On Fri, Jun 07, 2019 at 02:57:01PM -0400, Jeff Hostetler wrote:
> 
> 
> On 6/7/2019 2:38 AM, Christian Couder wrote:
> > On Thu, Jun 6, 2019 at 10:18 PM Emily Shaffer <emilyshaffer@xxxxxxxxxx> wrote:
> > 
> > 
> > 
> > > I grepped the Git source and found that we only provide a non-NULL
> > > "omitted" when someone calls "git rev-list --filter-print-omitted",
> > > which we verify with a simple test case for "blobs:none", in which
> > > case the "border" objects which were omitted must be the same as all
> > > objects which were omitted (since blobs aren't pointing to anything
> > > else). I think if we had written a similar test case with some trees
> > > we expect to omit we might have noticed sooner.
> > 
> > It seems that --filter-print-omitted was introduced in caf3827e2f
> > (rev-list: add list-objects filtering support, 2017-11-21) so I cc'ed
> > Jeff.
> > 
> > [...]
> 
> The --filter-print-omitted was intended to print the complete list
> of omitted objects.  For example, a packfile built from a filtered
> command and a packfile build from the unfiltered command would differ
> by exactly that set of objects.
> 
> So the discrepancy reported by the tree:1 example is incorrect.
> The omitted set is the full set, not the frontier.  So when
> --filter-print-omitted is used, we still have to do the full tree walk.
> When not specified, we do get the perf boost because we can terminate
> the tree walk early.
> 
> 
> > > So, what do we use --filter-print-omitted for? Is anybody needing it?
> > > Or do we just use it to verify this one test case?

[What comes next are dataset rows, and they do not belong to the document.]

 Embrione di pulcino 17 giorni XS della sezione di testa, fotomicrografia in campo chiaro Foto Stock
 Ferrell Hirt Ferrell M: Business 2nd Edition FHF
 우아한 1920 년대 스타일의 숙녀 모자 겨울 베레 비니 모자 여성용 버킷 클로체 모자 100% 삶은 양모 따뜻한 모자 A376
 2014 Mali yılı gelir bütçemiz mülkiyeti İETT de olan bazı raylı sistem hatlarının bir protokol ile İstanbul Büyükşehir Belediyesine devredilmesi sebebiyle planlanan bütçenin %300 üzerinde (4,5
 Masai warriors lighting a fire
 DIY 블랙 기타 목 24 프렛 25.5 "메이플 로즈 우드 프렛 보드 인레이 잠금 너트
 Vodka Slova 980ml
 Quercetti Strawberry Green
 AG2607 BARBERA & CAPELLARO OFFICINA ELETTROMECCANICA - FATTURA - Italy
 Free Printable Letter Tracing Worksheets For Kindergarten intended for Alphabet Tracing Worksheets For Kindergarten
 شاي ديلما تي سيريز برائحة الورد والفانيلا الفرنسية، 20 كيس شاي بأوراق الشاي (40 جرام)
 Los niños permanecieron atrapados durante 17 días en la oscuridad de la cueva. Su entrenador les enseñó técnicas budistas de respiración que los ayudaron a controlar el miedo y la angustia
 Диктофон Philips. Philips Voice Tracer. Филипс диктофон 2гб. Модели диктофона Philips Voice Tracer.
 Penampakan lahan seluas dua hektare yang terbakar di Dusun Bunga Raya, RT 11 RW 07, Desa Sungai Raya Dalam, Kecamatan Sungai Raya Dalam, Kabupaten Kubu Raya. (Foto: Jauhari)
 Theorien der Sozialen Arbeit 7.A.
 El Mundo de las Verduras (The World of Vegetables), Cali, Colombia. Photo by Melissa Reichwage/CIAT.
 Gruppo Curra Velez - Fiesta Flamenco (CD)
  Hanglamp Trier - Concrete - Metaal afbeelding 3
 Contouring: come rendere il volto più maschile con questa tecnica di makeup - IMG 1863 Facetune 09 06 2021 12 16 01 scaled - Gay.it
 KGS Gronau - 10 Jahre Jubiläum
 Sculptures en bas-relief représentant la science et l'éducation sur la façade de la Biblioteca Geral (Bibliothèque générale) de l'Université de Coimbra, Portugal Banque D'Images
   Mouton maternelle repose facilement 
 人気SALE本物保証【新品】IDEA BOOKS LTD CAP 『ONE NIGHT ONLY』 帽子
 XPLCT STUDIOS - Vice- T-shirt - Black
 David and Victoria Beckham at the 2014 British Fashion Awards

Should we fix it,
> > > or get rid of it, or neither?
> > 
> > In caf3827e2f there is:
> > 
> >      This patch introduces handling of missing objects to help
> >      debugging and development of the "partial clone" mechanism,
> >      and once the mechanism is implemented, for a power user to
> >      perform operations that are missing-object aware without
> >      incurring the cost of checking if a missing link is expected.
> > 
> > So I would say that if you think that --filter-print-omitted doesn't
> > help in debugging or development, and can even be confusing, and that
> > it also doesn't help performance for power users or anyone else, then
> > it would make sense to remove it, unless you find a way to make it
> > fulfill its original goals, or maybe other worthwhile goals.
> 
> I don't currently have a use for that (other than the existing test
> cases), but we could use that in the future as a guide for the server
> to put the omitted objects on a CDN, for example.
> 
> So I'd say let's leave it as is for now.

Thanks for the input, Jeff. I wasn't sure from looking at it whether it
was intended behavior with a plan for use; looks like it is. I'll leave
it alone.

> 
> 
> Jeff
> 
> 
>